A friend was in from out of town, and with our usual blogmaster-in-chief on the road tonight, there was a chance that tonight’s apparently epic Jazz/Warriors game could have gone uncovered. I can’t have that, even though I didn’t watch the game. And since there’s a good chance the game won’t be covered anywhere else, I’m going to step in and fill the void as best I can. So, to the best of my knowledge here’s what happened: some crazy shit.

The long story short is that the Jazz beat the Warriors, 127-117 in overtime. The long story comparatively long is that this game involved spinal injuries, a big Russian with a silly haircut playing point guard, and Derek Fisher leaving his very ill daughter’s side and then basically winning the game for the Jazz after arriving in the third quarter. Apparently I picked a bad night to stop sniffing glue stay out late-ish drinking the least expensive beer available. Henry Abbott, luckily, apparently does not have as many scheduling conflicts as we adjunct CSTB-correspondents/social butterflies. “If you didn’t watch Golden State vs. Utah, shame on you,” he writes, as if I didn’t already feel terrible about drinking Gennessee Cream Ale. He adds:

One Utah point guard, Deron Williams, was on the bench with foul trouble one minute into the game. His backup, Dee Brown, played valiantly for a few minutes, before he nearly snapped his back under Mehmet Okur, and was strapped onto a gurney for further examination. Walking off the court with help, he looked like he was about to pass out.

Cue the knight in shining armor, Derek Fisher, who has been away attending to a dire family matter. He arrived at the stadium well after the game was in session and Brown had been wheeled off. He barely stopped walking from the entrance tunnel straight onto the court and into the game, where he made several huge plays…

After the game, Derek Fisher told us that his daughter underwent surgery in New York this morning to repair life-threatening retinoblastoma. Retinoblastoma International reports that “87% of the children stricken with this disease worldwide die.” The surgery went well, then Derek got on a plane to the game.

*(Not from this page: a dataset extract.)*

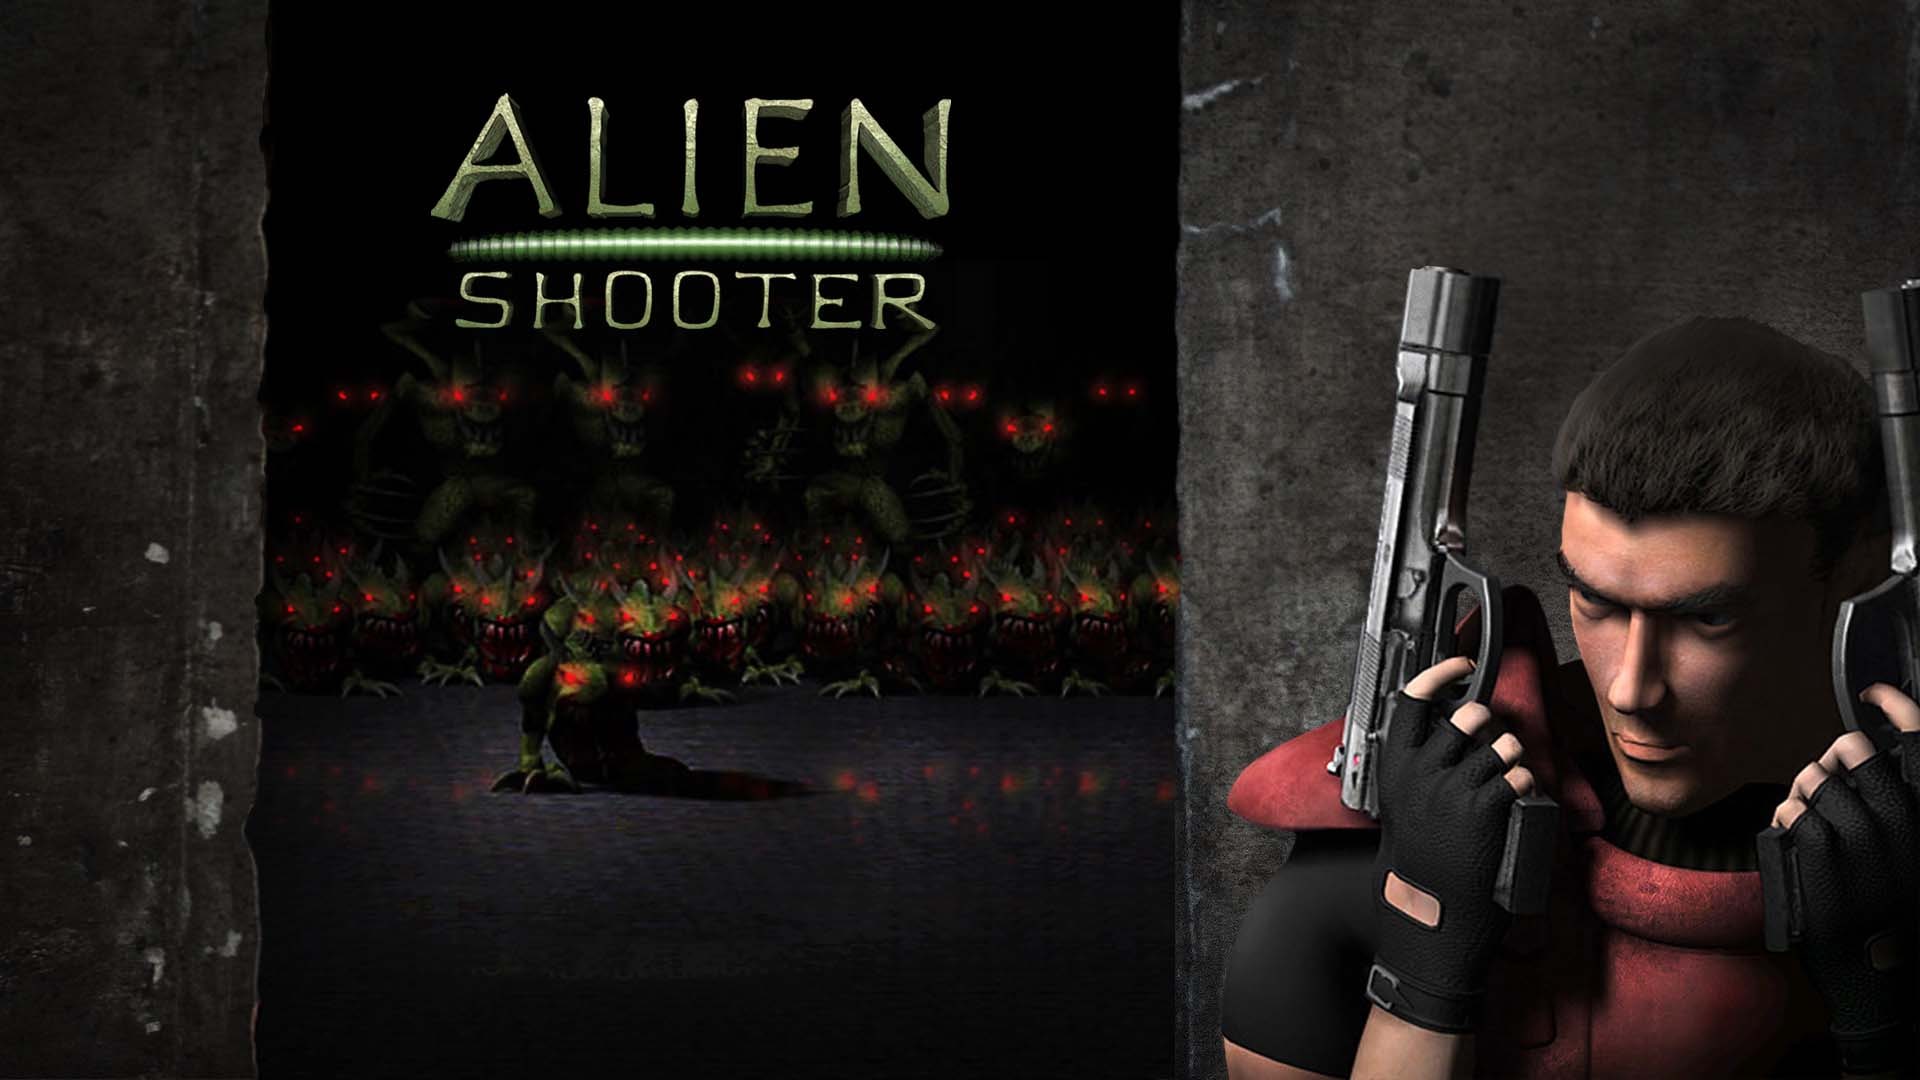 Alien Shooter (English Ver.)

He told sideline reporter Pam Oliver that he told the story now so that parents would take their children to have them checked. This is what he told TNT’s Pam Oliver:

“It was very, very serious. My daughter’s life was in jeopardy. She has a form of eye cancer called retinoblastoma. And the only reason I’m saying this now is because there are kids out there that are suffering from this disease, and people can’t really identify it. It’s a very rare disease. And I want people out there to take their kids to the opthamalogist, make sure they get their eyes checked and make sure everything’s OK, because we could have lost my little girl had we waited any longer.”

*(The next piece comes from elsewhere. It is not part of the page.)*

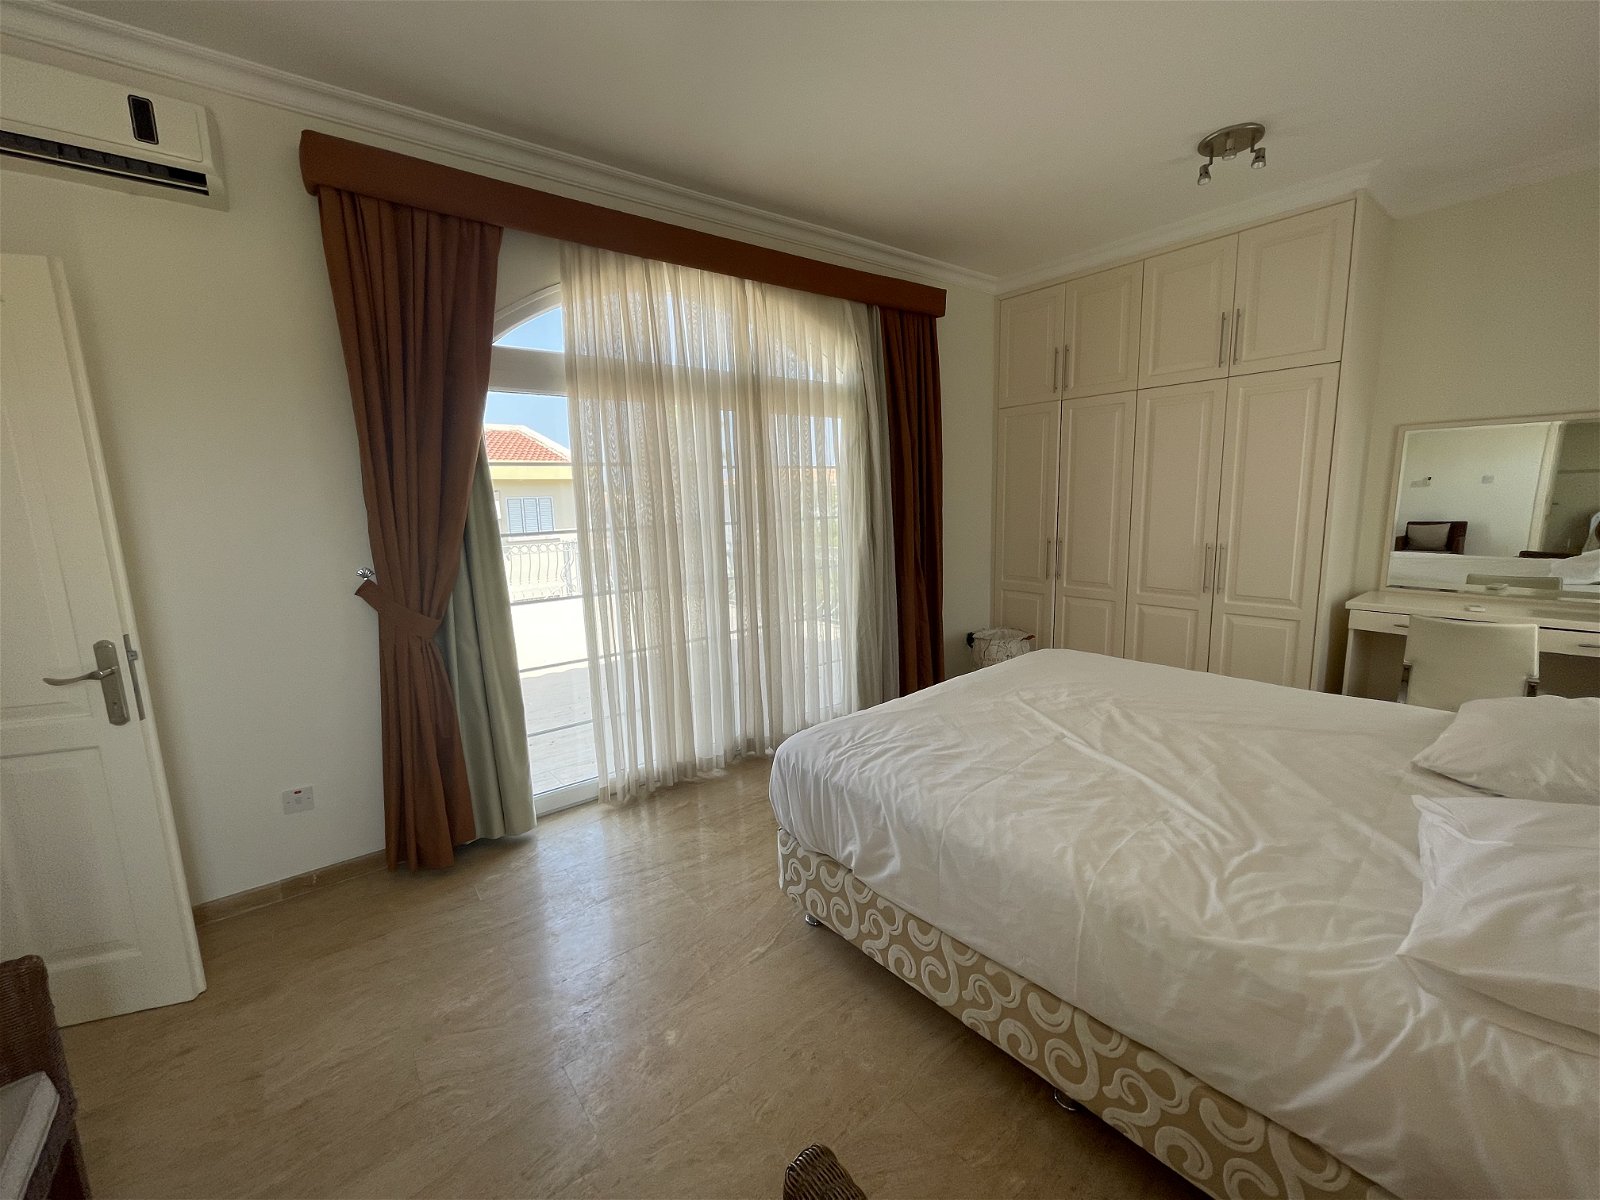 For Sale 3 +1 Turkish Deeded Villa in Karaoglanoglu Kyrenia-7201d551-e9b4-4b50-adb0-6a5b797964b1

What a guy. What a terrible thing for his family to go through, and what a great piece of news that apparently the surgery has been successful.

Like I said, a bad night — even if one grants that there are good nights, which there may not be — for choosing Genny Cream over a really good basketball game and a home-cooked meal. I even had this pork loin recipe I’d been…look, that’s not important. And neither, essentially, are any items I might write about a game I didn’t watch. I will mention these two things, though:


-The Dee Brown play, which I saw on replay and is not yet on the internet that I can find, is genuinely rugged and awful. Brown was pretty easily the coolest, most genuine and most personable of the NBA rookies I met, while still an employee at Topps, at last year’s NBA Rookie Shoot (the annual event in which most of the posed, goofy photos on most basketball rookie cards are taken). I hope he’s all right, and am frankly amazed he seems to be as all right as he apparently is. Good luck to him on a fast, full recovery.

-The Jazz are much more likable than I’m comfortable with. Utah is a state I dislike on instinct, and their Merit-smoking, not-nice-to-John-Amaechi grump of a coach Jerry Sloan will certainly be putting me through endless suicides and rebounding drills if there is indeed a Gary Larson-style hell in which each individual’s personal un-preferences are taken into account. But his team is surprisingly fun to watch. I can’t even be mad at their players. The generally underutilized Andrei Kirilenko, who had a vintage game tonight (20 points, 9 boards, 5 assists, 6 blocks), is still one of the most enjoyable players in the game, and such an obvious fit for the Nets — especially if they ever make it to Brooklyn: Brighton Beach, stand up! — that I’m already mapping out postseason trades (reunite the Collins Brothers! Free Bernard Robinson!). And Carlos Boozer continues to put up Karl Malone-style numbers (30 and 13 tonight, and a Mailmanian 12 of 14 from the foul line) without the you’ll-take-my-ATV-from-my-cold-dead-hands politics.

Look, I can’t like the Jazz. It’s not in me. But I wouldn’t miss the next game for all the Genny Cream Ale in the world.